Search code examples
pythonweb-scrapingurlindex-error

Index error: list index out of range - How to skip a broken URL?


How can I tell my program to skip broken / non-existent URLs and continue with the task? Every time I run this, it will stop whenever it encounters a URL that doesn't exist and gives the error: index error: list index out of range.

The range is URL's between 1 to 450, but there are some pages in the mix that are broken (for example, URL 133 doesn't exist).

import requests
import pandas as pd
import json
from pandas.io.json import json_normalize
from bs4 import BeautifulSoup

df = pd.DataFrame()

for id in range (1, 450):

      url = f"https://liiga.fi/api/v1/shotmap/2022/{id}"
      res = requests.get(url)
      soup = BeautifulSoup(res.content, "lxml")
      s = soup.select('html')[0].text.strip('jQuery1720724027235122559_1542743885014(').strip(')')
      s = s.replace('null','"placeholder"')
      data = json.loads(s)
      data = json_normalize(data)
      matsit = pd.DataFrame(data)
      df = pd.concat([df, matsit], axis=0)


df.to_csv("matsit.csv", index=False)

Solution

  • I would assume your index error comes from the line of code with the following statement:

    s = soup.select('html')[0].text.strip('jQuery1720724027235122559_1542743885014(').strip(')')
    

    You could solve it like this:

    try:
        s = soup.select('html')[0].text.strip('jQuery1720724027235122559_1542743885014(').strip(')')
    except IndexError as IE:
        print(f"Indexerror: {IE}")
        continue
    

    If the error does not occur on the line above, just catch the exception on the line where the index error is occuring.
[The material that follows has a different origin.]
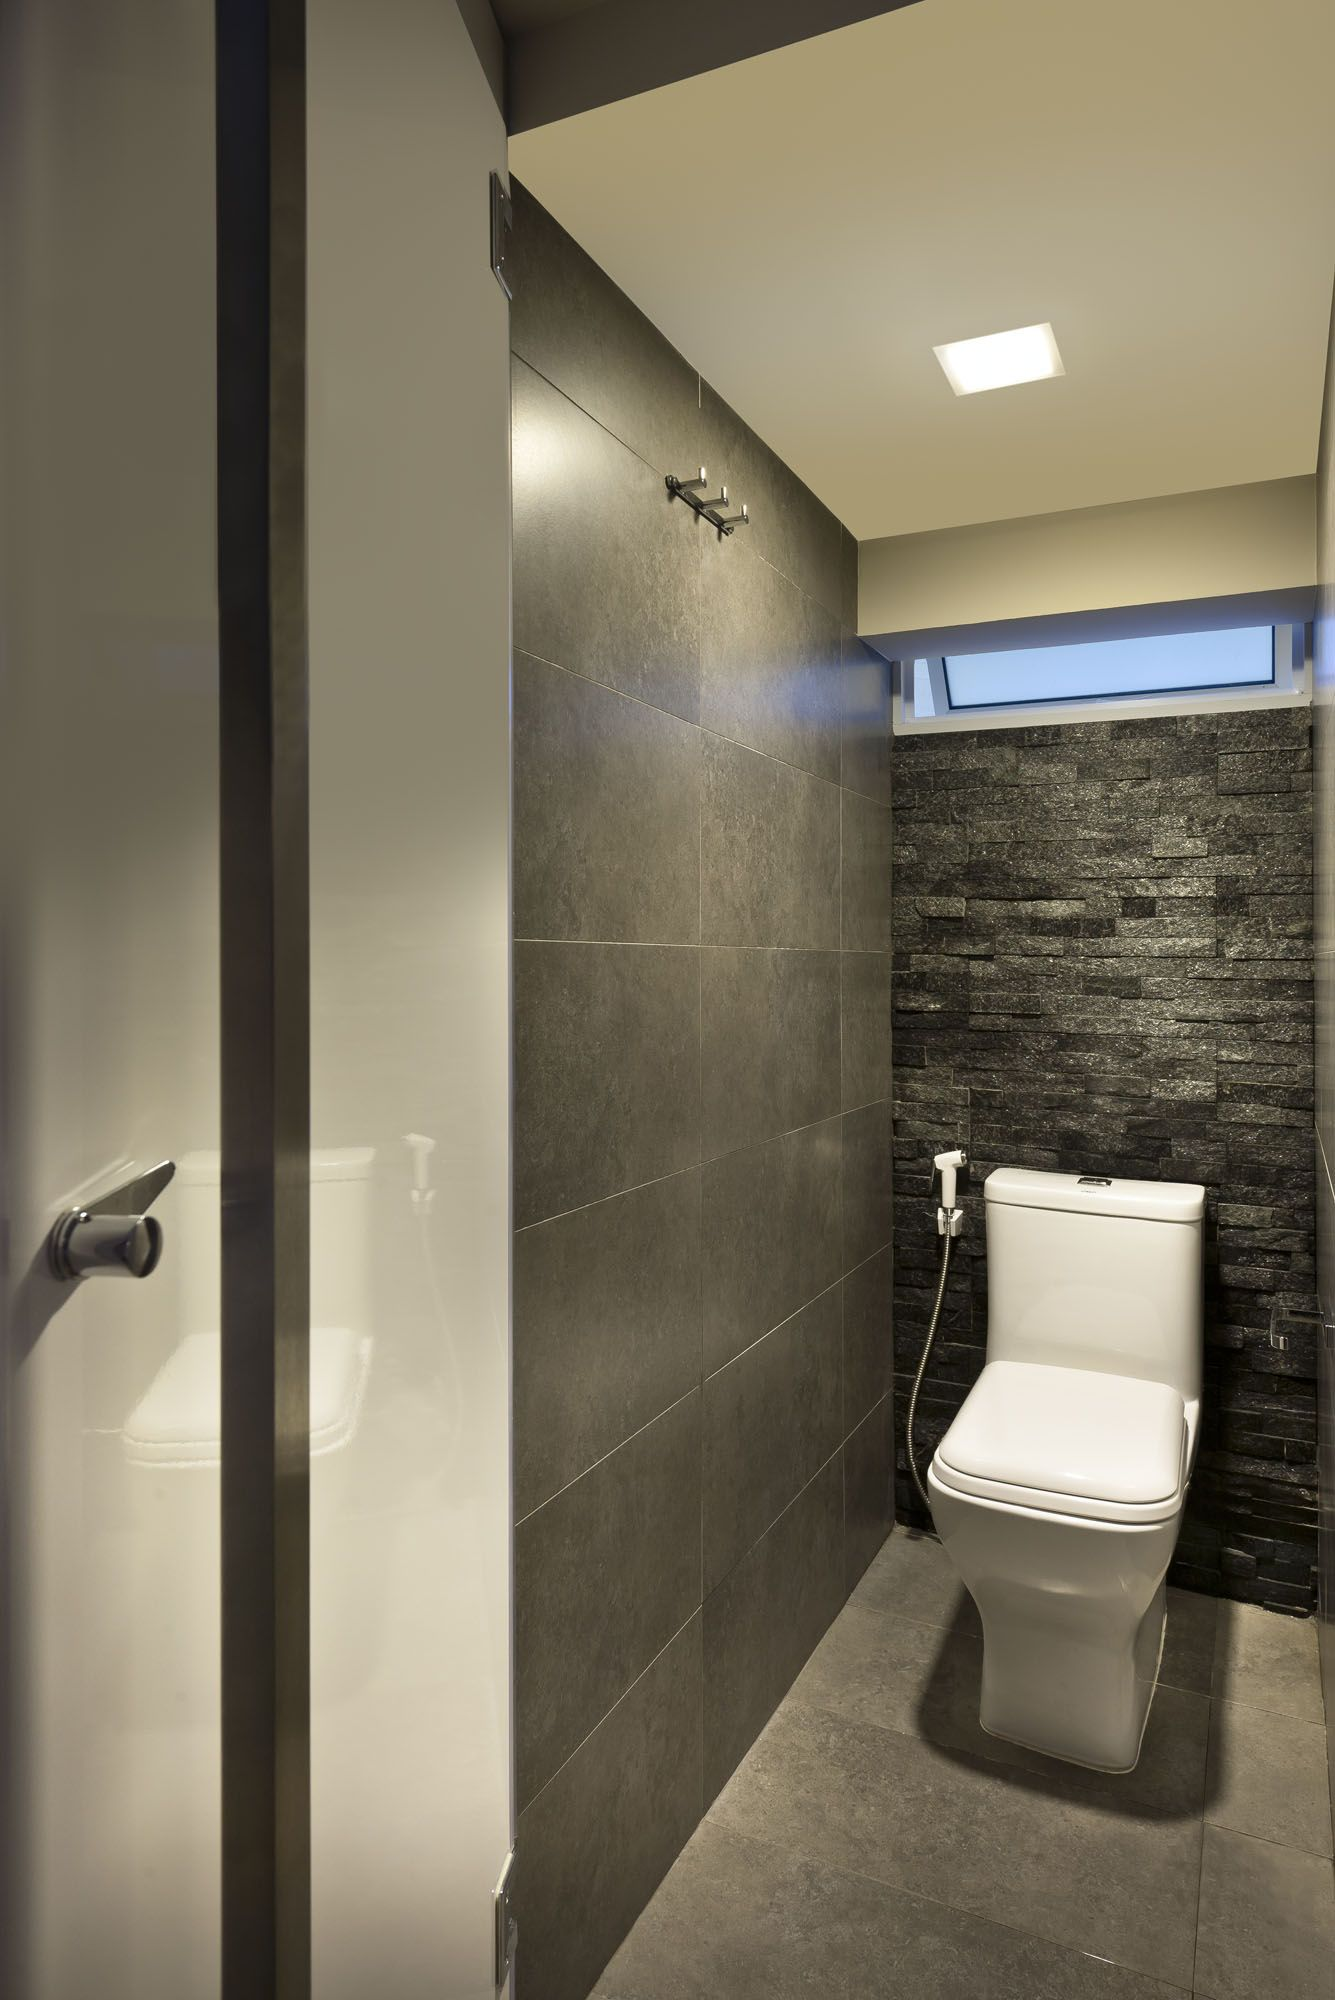 HDB | Bathroom Interior design by Rezt 'n Relax of Singapore

Alternatively you can also just catch all exceptions with

    
    try:
        code_where_exception_occurs
    except Exception as e:
        print(f"Exception: {e}")
        continue
    

    but I would recommend to be as specific as possible, so that you handle all expected errors in the appropriate way. In the example above replace code_where_exception_occurs with the code. You could also put the try/except clause around the whole block of code inside the for loop, but it is best to catch all exeptions individually. This should also work:

    try:
        url = f"https://liiga.fi/api/v1/shotmap/2022/{id}"
        res = requests.get(url)
        soup = BeautifulSoup(res.content, "lxml")
        s = soup.select('html')[0].text.strip('jQuery1720724027235122559_1542743885014(').strip(')')
        s = s.replace('null','"placeholder"')
        data = json.loads(s)
        data = json_normalize(data)
        matsit = pd.DataFrame(data)
        df = pd.concat([df, matsit], axis=0)
    except Exception as e:
        print(f"Exception: {e}")
        continue